-------------------------------------------------- From: "Patrick Mihelich" <patrick.mihelich@gmail.com> Sent: Friday, October 10, 2008 10:55 PM To: <boost@lists.boost.org> Subject: Re: [boost] Geometry and spatial indexes, my opinion
On Thu, Oct 9, 2008 at 7:25 AM, Brandon Kohn <blkohn@hotmail.com> wrote:
Second, there are efficiency and code size concerns. Consider the Euclidean
distance function. For 2D/3D points, it is nice to use compile-time indexing and metaprogramming to guarantee tight, loop-less code. For high dimensional points, however, beyond some dimension (BOOST_GEOMETRY_MAX_UNROLL_DIMENSION?) unrolling the loop is no longer desirable, and we would rather just do the runtime iteration. If the points are RuntimeIndexable, we can choose an appropriate distance algorithm at compile time depending on the points' dimensionality.
I presume the reason one would not want loop-less code at high dimensions is due to bloat? I do not understand why runtime looping would be faster in this case. It would seem that even in the largest cases the bloat would still be small compared to memory sizes today. Runtime indexing can certainly be accommodated using a tag dispatch on the access traits. I think more research needs to be done to quantify the differences between the two to see if it is worth the maintenance overhead.
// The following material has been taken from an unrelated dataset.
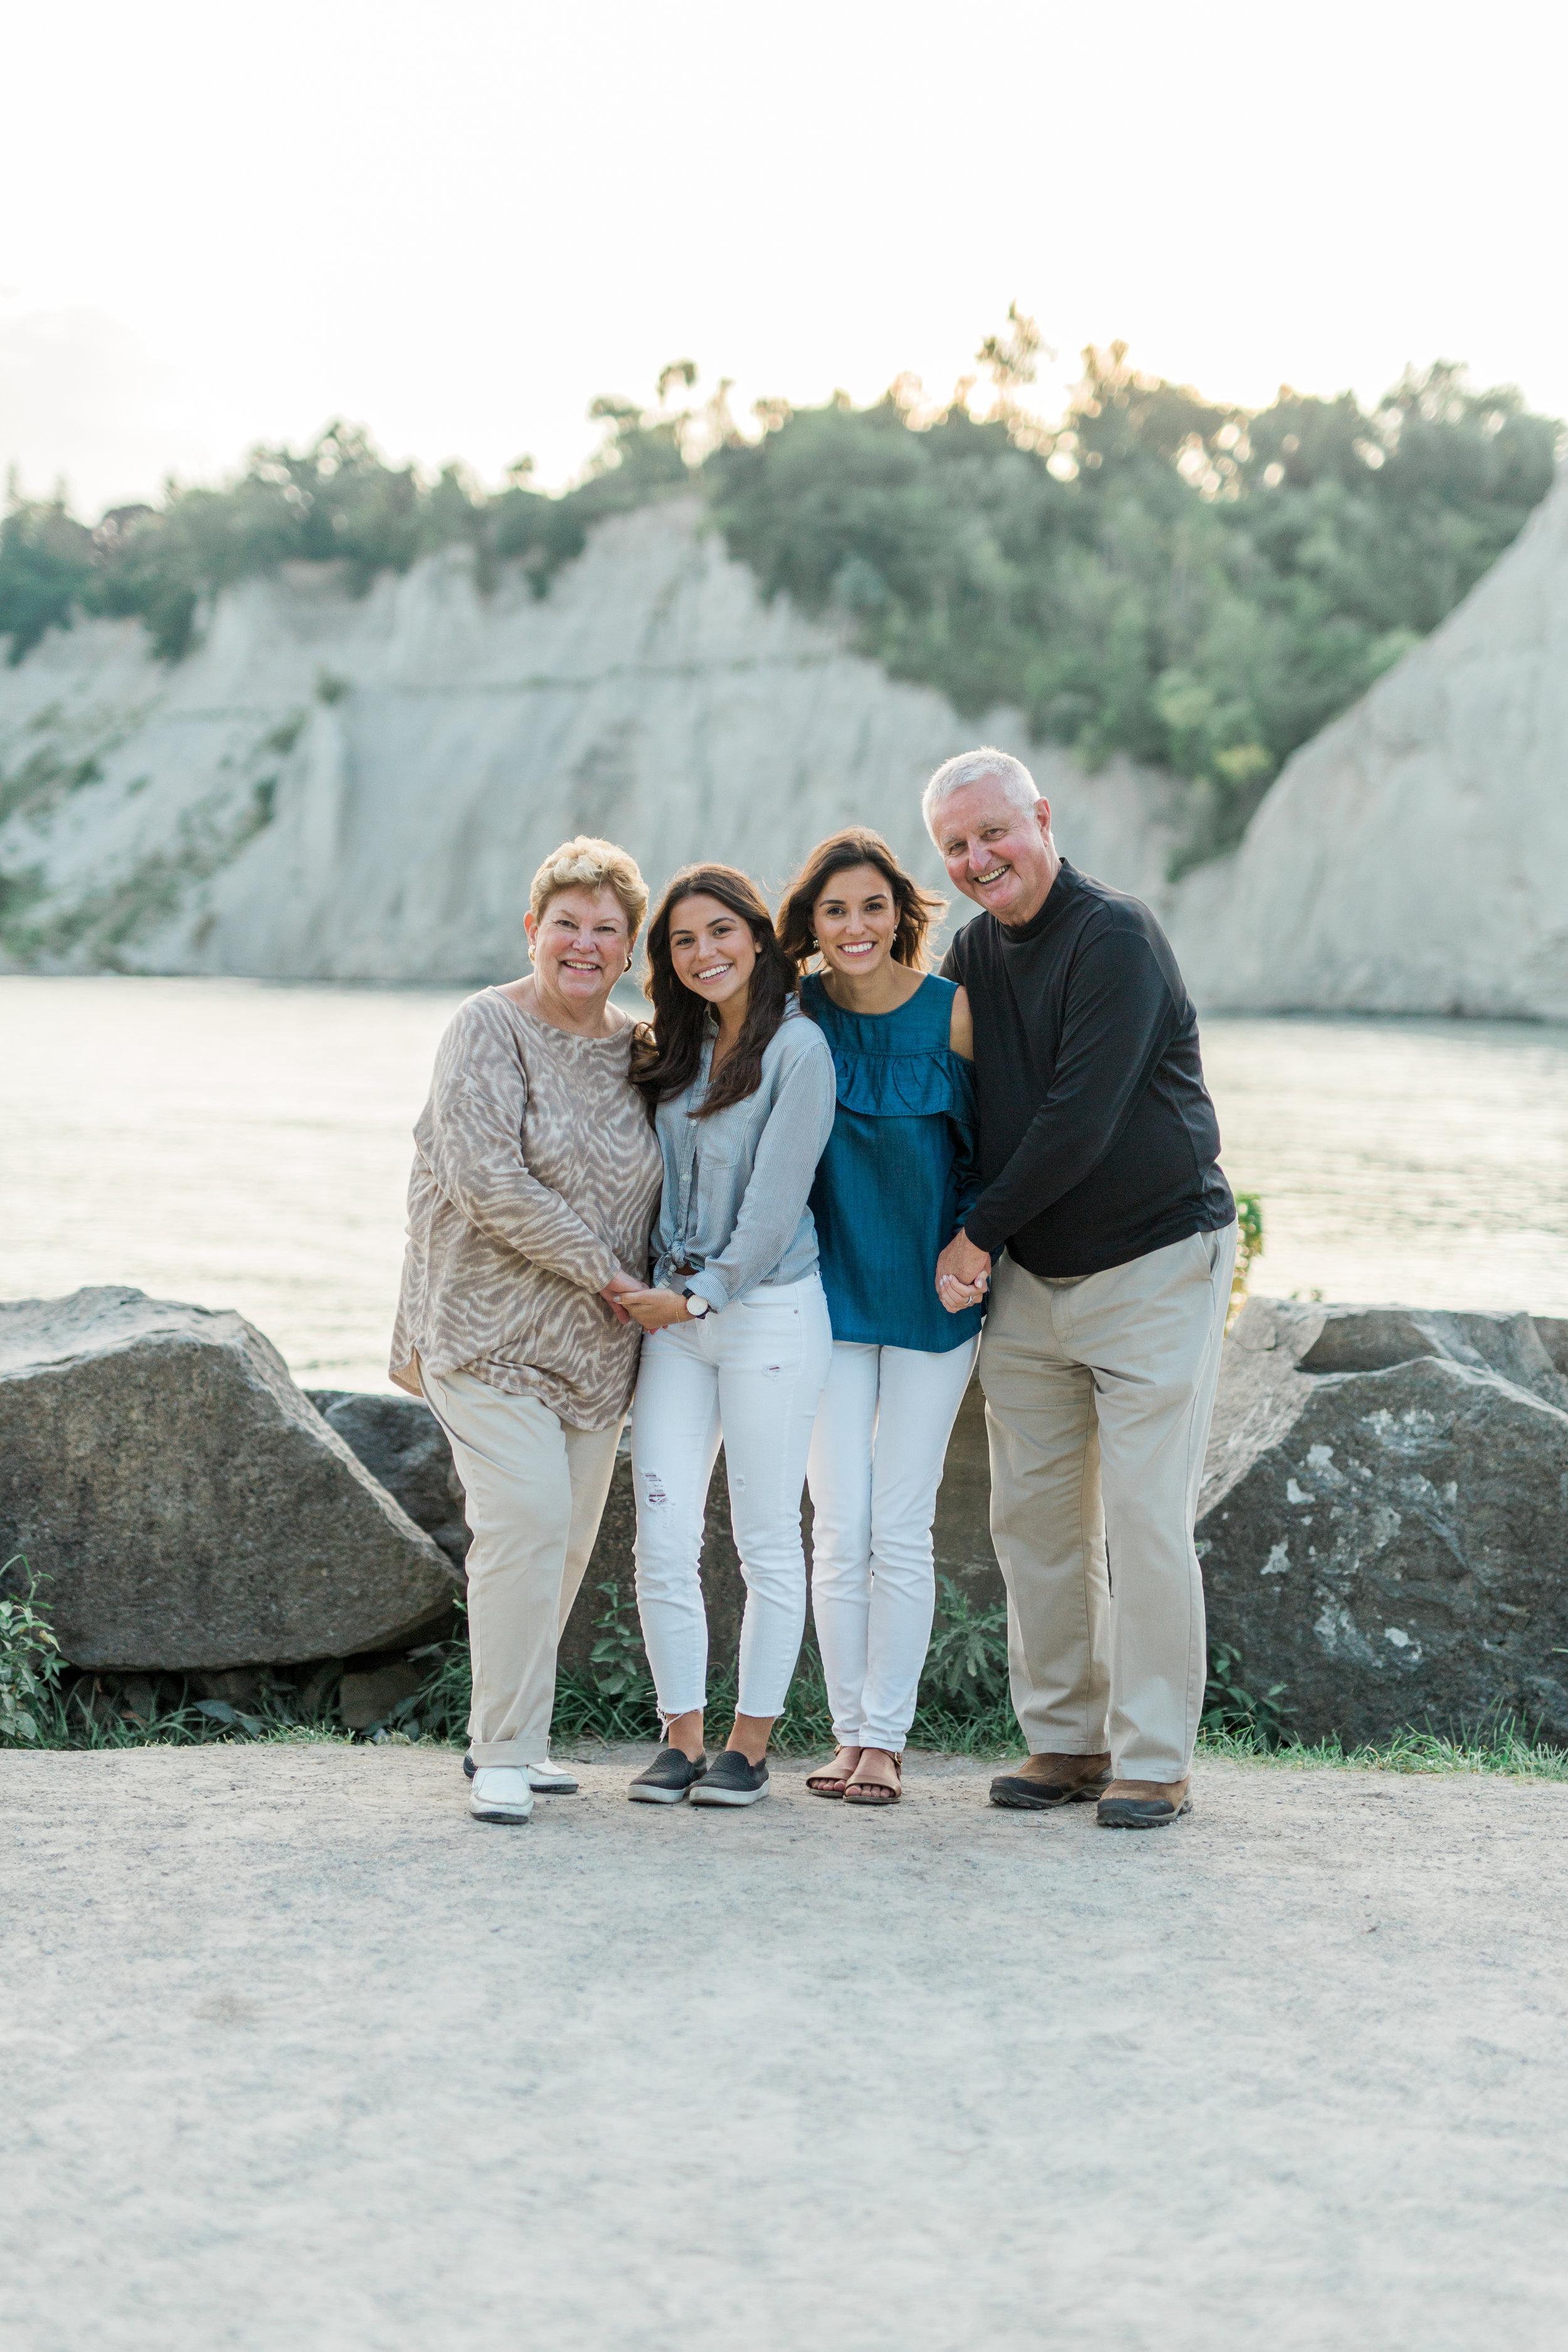 Danielle-Giroux-Amir-Golbazi-Genua-Family-Photography-Scarborough-Bluffs-9439.jpg

Sure, I need to back up my claim. The fundamental problem with loop-less code at high dimensions is bloat, yes. Remember that bloat also affects efficiency. Suppose we're calculating distances from one point to a set of other points. If the size of the distance function makes the inner loop code larger than the L1 instruction cache, we take a performance hit.
I'm attaching a simple benchmark that calculates the distance between two points some number of times, using both compile-time and runtime access. Note that this is awfully friendly to the compile-time access code, as we're doing nothing else in the inner loop. Here are some results on my machine (Intel Core Duo 2.4 GHz, gcc 4.2.3):
$ g++ -DITERATIONS=1000000000 -DDIMENSIONS=2 -O3 runtime_test.cpp -o runtime_test $ ./runtime_test Distance = 2.000000 Compile-time access: 5.460000s Runtime access: 9.070000s $ g++ -DITERATIONS=1000000000 -DDIMENSIONS=3 -O3 runtime_test.cpp -o runtime_test $ ./runtime_test Distance = 3.000000 Compile-time access: 7.980000s Runtime access: 10.970000s
So for 2D/3D we see the benefit to using compile-time access, although it wouldn't surprise me if the gap could be closed by better compile-flag twiddling. Let's see what happens at high dimensions. Let's also add in a partially unrolled runtime access version that operates 4 elements at a time (ideally the compiler would take care of this).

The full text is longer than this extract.